Subsequently,on September 28,due to poor management,a fire broke out at the Tata Electronics factory in southern India,which is used to produce parts for Apple mobile phones.The factory then announced an indefinite suspension of production.It is understood that this is the only supplier in India that manufactures mobile phone back plates and other parts for Apple,forcing Apple to allocate key parts from China and other places.If this Indian manufacturing factory cannot resume production in time,Apple may set up another production line in China.

All evidence shows that India's labor costs seem very cheap,but the chaotic management of this economy means low productivity.Indians actually no longer have enough motivation to develop innovative and rational thinking abilities.The consequences of this have been that manufacturing factories and functional departments in India,including those in the private sector,are filled with chaos,waste,and an inability to plan or follow systems.The editor-in-chief of the Financial Times Asia,Pilin,also believes that while "Made in India" sounds impressive,it is in reality a "mirage."

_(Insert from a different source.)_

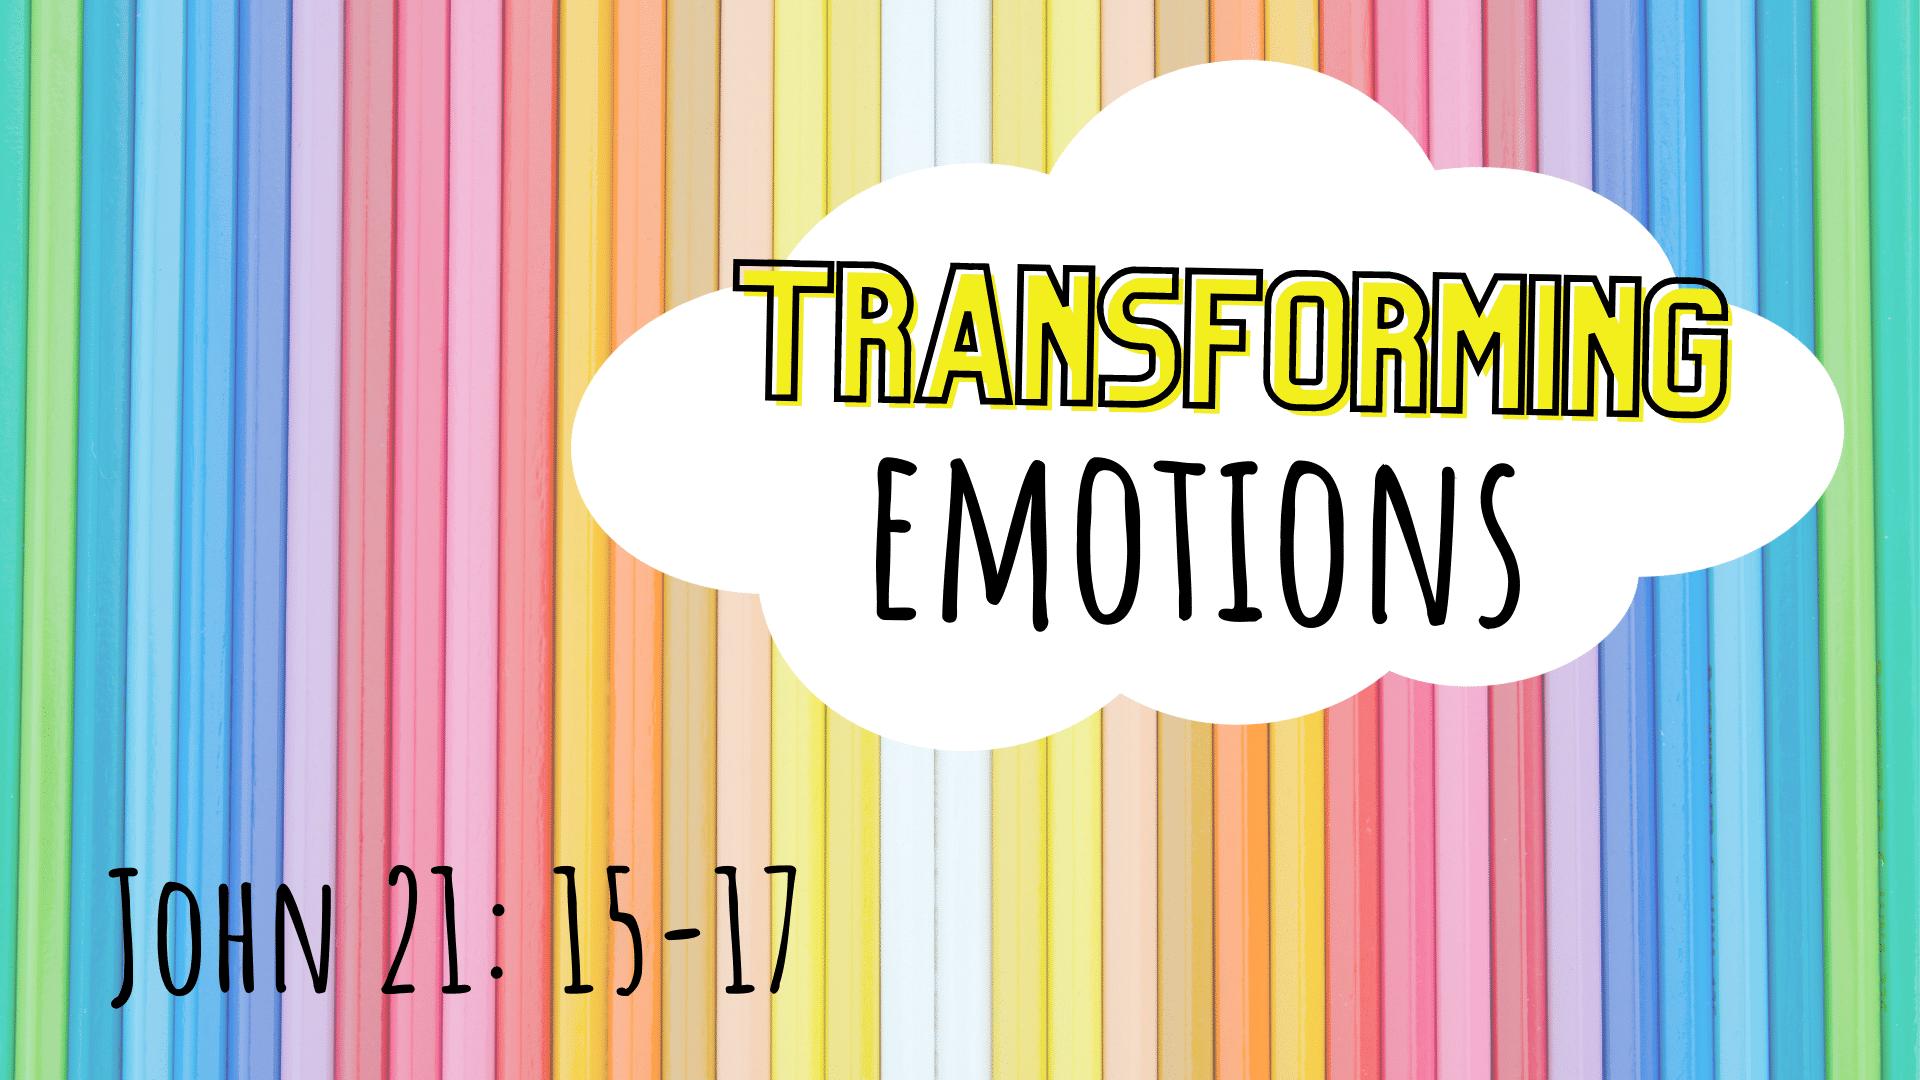 Transforming Emotions

It is clear that the return initiatives of these Indian manufacturing factories have undoubtedly brought unprecedented challenges to India's "pride" in the "Make in India" initiative and are causing other foreign companies investing in India to follow suit.This is because these international factories investing in India eventually realize that the best,most skilled,and most efficient workers are in China,and India also has issues with inadequate infrastructure.

A study published by the World Bank in April estimated that India needs infrastructure investment of up to $1.7 trillion to $2.2 trillion.Three years ago,India proposed a plan to spend 692 billion rupees on infrastructure projects such as roads and bridges,but the latest news and some signs indicate that there has not been much change in India's infrastructure to date.

In response,according to the former Chief Economic Advisor to the Ministry of Finance in India,who was interviewed by the media again on October 5th,"Although India has achieved some good growth data in the past,if it cannot effectively deal with the current withdrawal of manufacturing enterprises and the credibility issues caused by the United States harvesting Indian enterprises,against the backdrop of a slowdown in global economic growth and ongoing conflicts in the Middle East,then India is very likely to experience a 20-year recession,especially in the manufacturing export industry,which is also one of the reasons why a significant number of wise investors have recently withdrawn from India in advance."